36. I am accordingly satisfied that the objectives of this Court’s supervisory powers over the conduct of advocates will have been achieved by the suspension of the respondent from practise rather than the imposition of the most severe sanction of striking her off the roll. Mr Hunt initially contended that if we were to impose a suspension from practise, such suspension should itself be conditional. I do not agree. To do so would be to minimise the seriousness of the respondent’s misconduct. Counsel wisely withdrew this contention. I however accept the submission of the respondent’s counsel that if she were to be suspended, she should be allowed a period of time to wind up her affairs. Mr Hunt informed the Court that the respondent had three part-heard matters in which she was involved. In order to avoid any prejudice to the respondent’s clients, I considered that any suspension imposed should take effect from 1 July 2016, thereby allowing sufficient time for these matters to be completed. This is not a situation where a strike off is ordered, in which event the order cannot be deferred.

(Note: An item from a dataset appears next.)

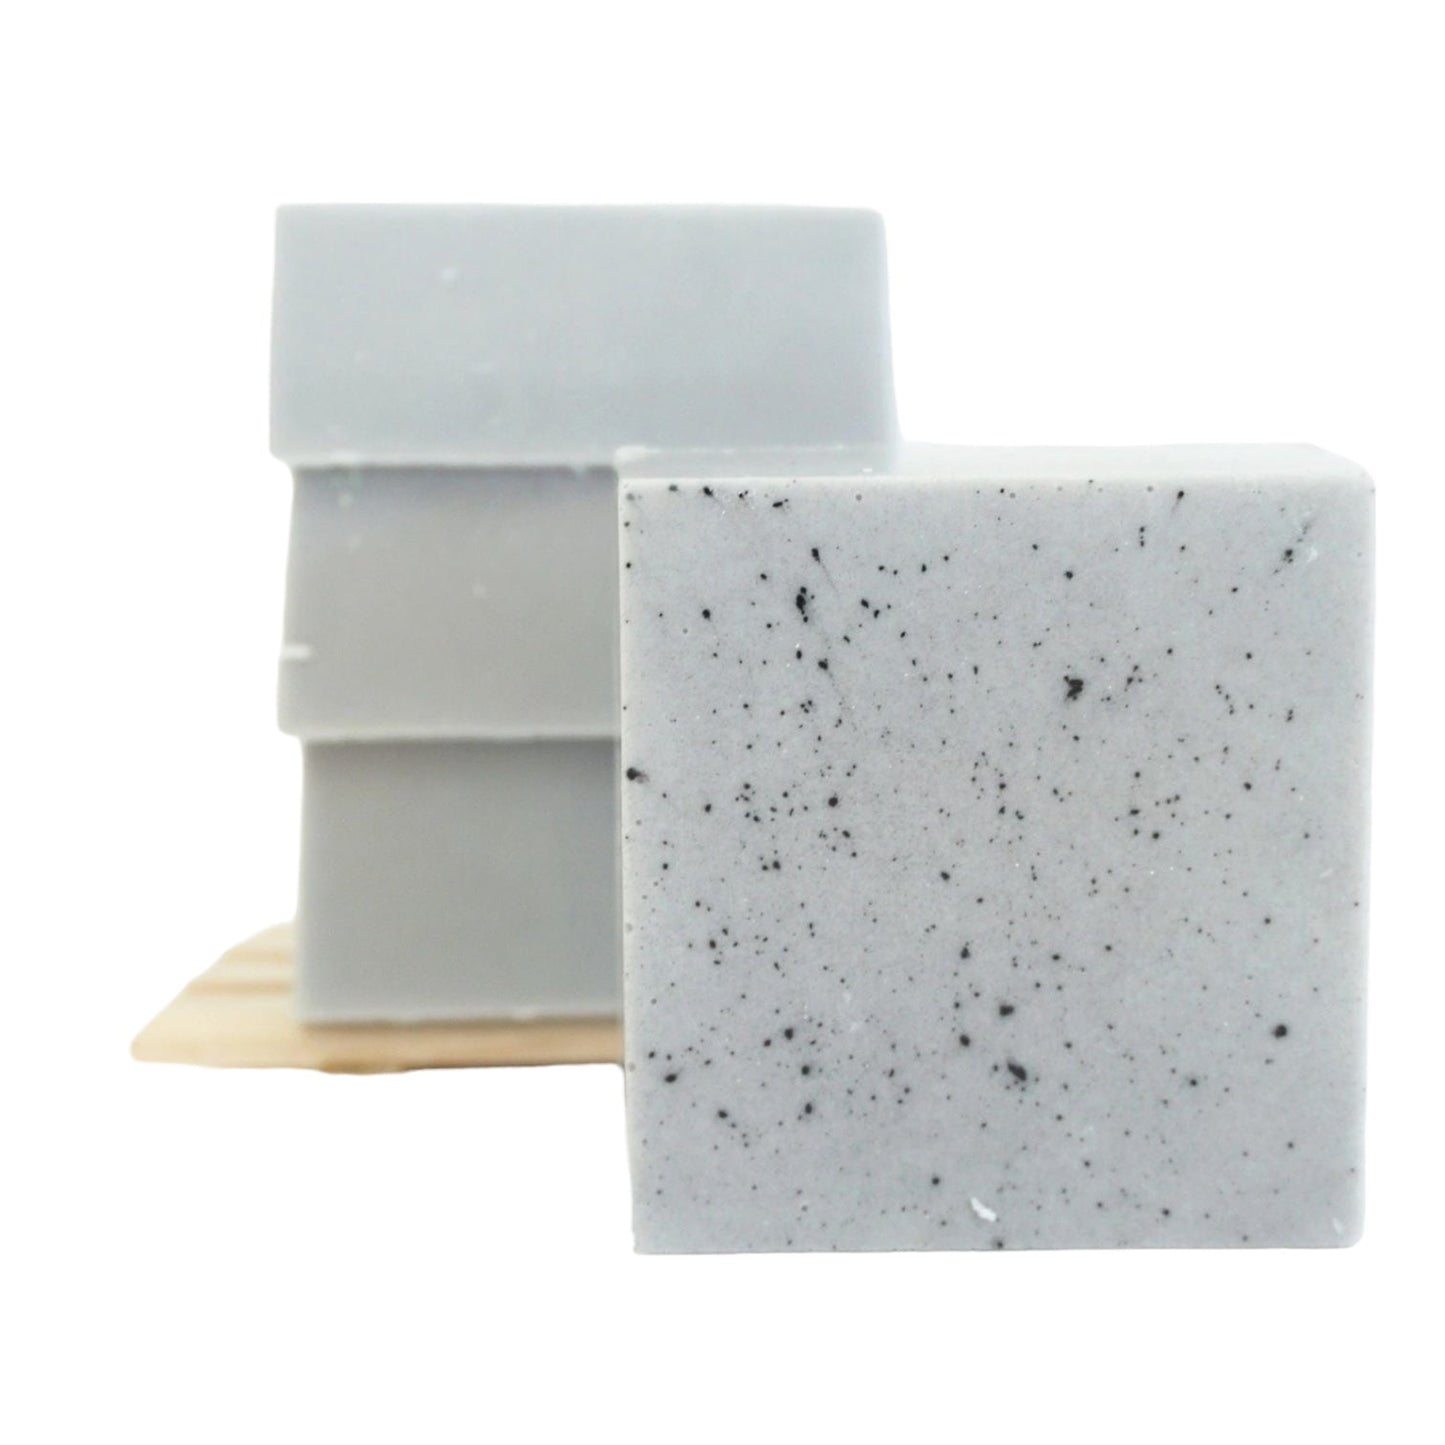 Lavish Soap Bar - Organically Bath & Beauty

37. For these reasons, the Order in paragraph [1] of this judgment was made.
__________
CHETTY J
I agree
__________
BALTON J
APPEARANCES
For the Applicant : Adv V Voormolen SC & S Mahabeer
Instructed by J Leslie Ndlovu Street, Pietermaritzburg
For the Respondent: Adv C P Hunt SC
Instructed by Janice Sellick
c/o Messrs Venns Attorneys, Pietermaritzburg
Date of hearing: 22 April 2016
Date of judgment: 15 August 2016
[1] This judgment was delivered after the hearing and order was made in the present matter.